Türkiye’de çalışma yaşamının temel boyutlarını açıklamak.

Resmî verilere göre 2008 yılı itibarıyla Türkiye’nin nüfusu 71.517.000 kişidir. Toplam nüfus içerisinde
çalışmaya hazır durumdaki iş gücü nüfusu 24.632 000’dir. Türkiye’de toplam istihdam ise 21,9 milyon
civarındadır.
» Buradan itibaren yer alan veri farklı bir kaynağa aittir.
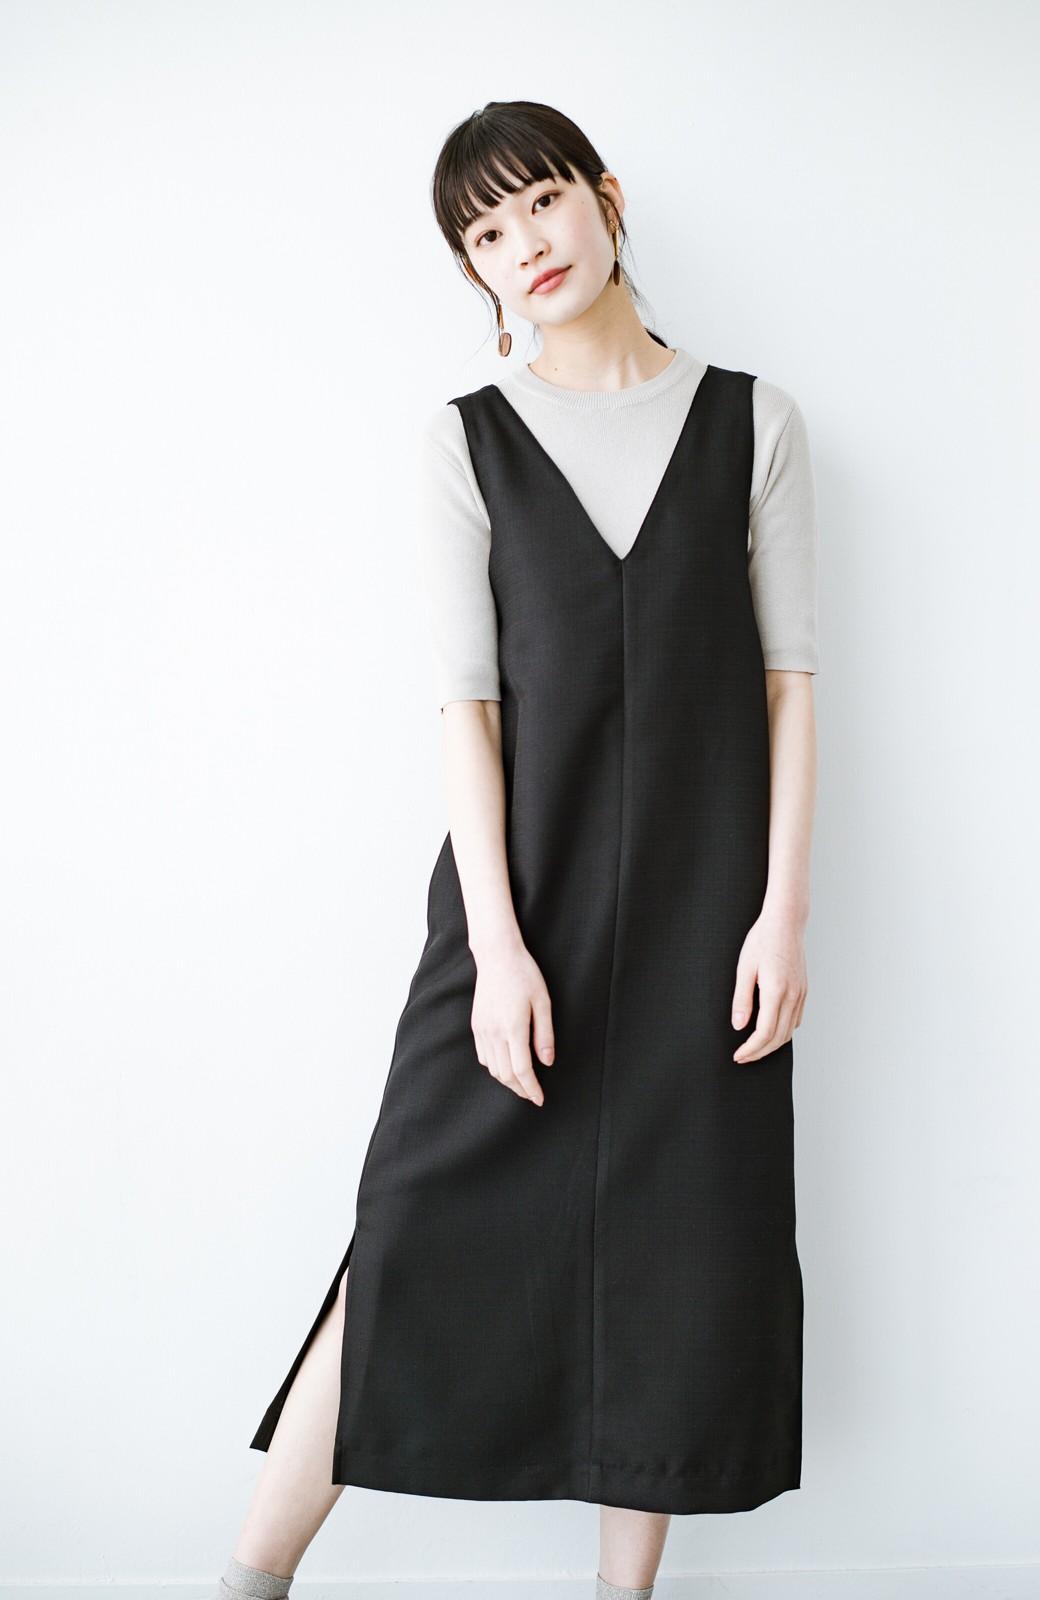 haco! 何てことないTシャツと重ねるだけでパッとかわいくなれる 魔法のようなジャンパースカート <ブラック>の商品写真14
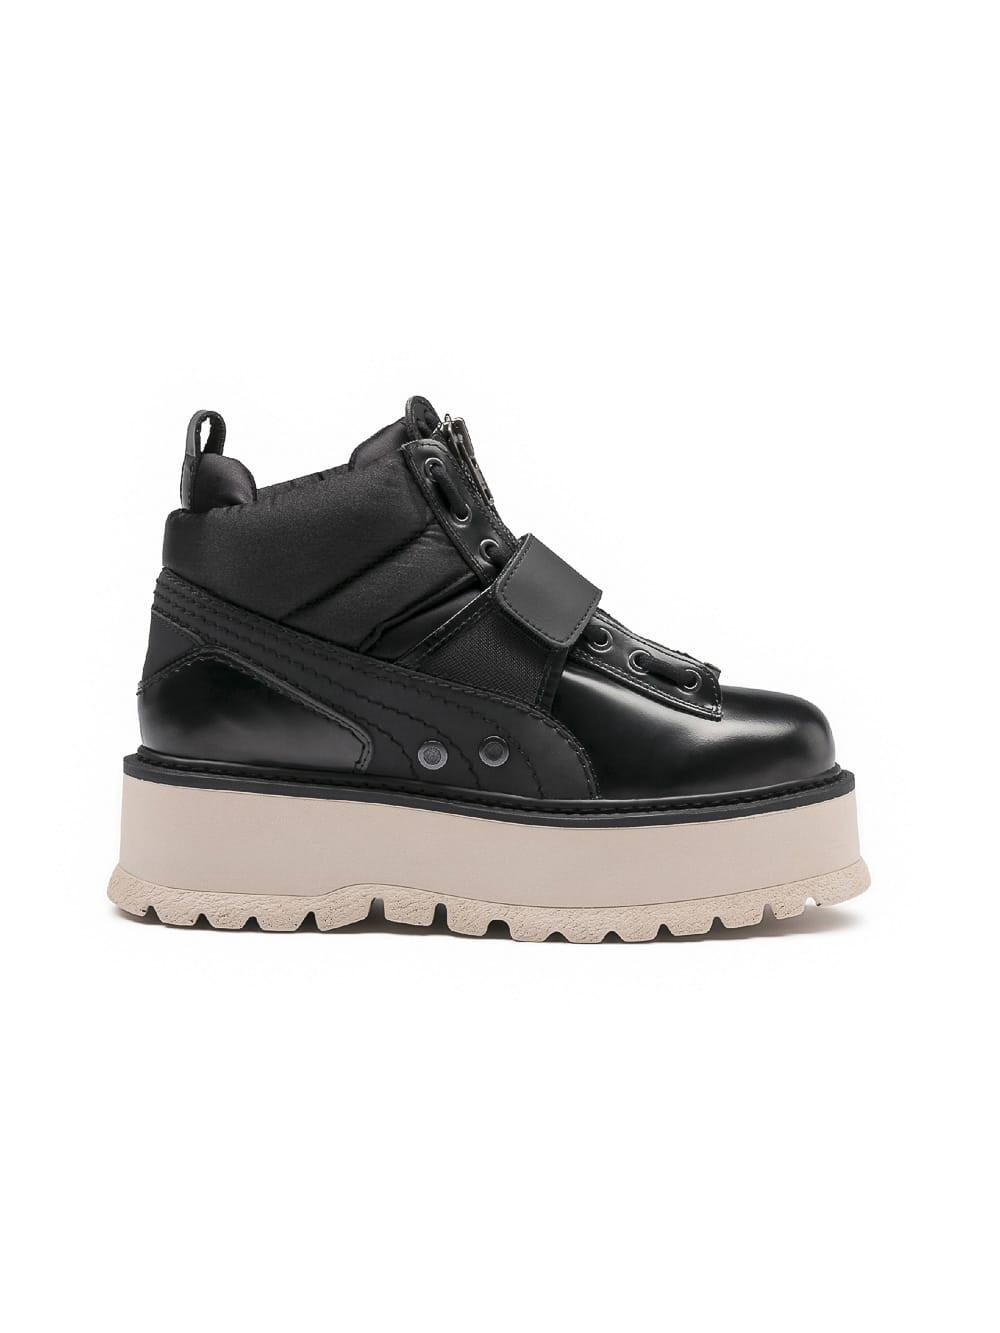 ced11b0dba82b0 PUMA Fenty X By Rihanna Sneaker Boots - Lyst

Türkiye’de istihdam edilenlerin önemli bir bölümü kentlerde yaşamaktadır. TÜİK’in
hesaplamalarına göre 2008 yılı itibarıyla kentsel iş gücü istihdamı 16 milyon, kırsal iş gücü istihdamı ise
6 milyon civarındadır. Türkiye’de iş gücünün dörtte üçü erkektir ve işsizlik oranı resmî rakamlara göre
iki buçuk milyondur. Ancak resmî olmayan hesaplamalar işsizlik rakamını 5 milyona kadar
çıkarabilmektedir.

Türkiye’de çalışma yaşamında karşılaşılan temel sorunları özetlemek.

Türkiye’de çalışma yaşamının temel sorunlarını enformelleşme, esneklik, iş gücünün örgütsüzlüğü,


taşeron iş gücü istihdamının yaygınlaşması ve çalışma yaşamında karşılaşılan çok yönlü ayrımcılıktır.

Türkiye’de çalışma yaşamını ve sorunlarını bir bütün olarak değerlendirmek.

Türkiye kırdan kente göç, eğitimsiz ve vasıfsız iş gücünün varlığı, yüksek işsizlik oranı, kayıt dışı çalışma
ve taşeronlaşma ücretlerin düşmesine ve sosyal güvencesiz işlerin sayısının artmasına neden
olmaktadır. Türkiye’de kadınlar, eski hükümlüler, engelliler, işsizler ve gençler olmak üzere çeşitli
toplumsal gruplar ve sınışar çalışma yaşamındaki bu olumsuz gelişmelerden farklı düzeylerde
etkilenmektedir. Özellikle çalışma yaşamında yaygınlaşmaya başlayan enformelleşme ve esnek
istihdam çalışan yoksulların sayısının artmasında çok önemli bir rol oynamaktadır.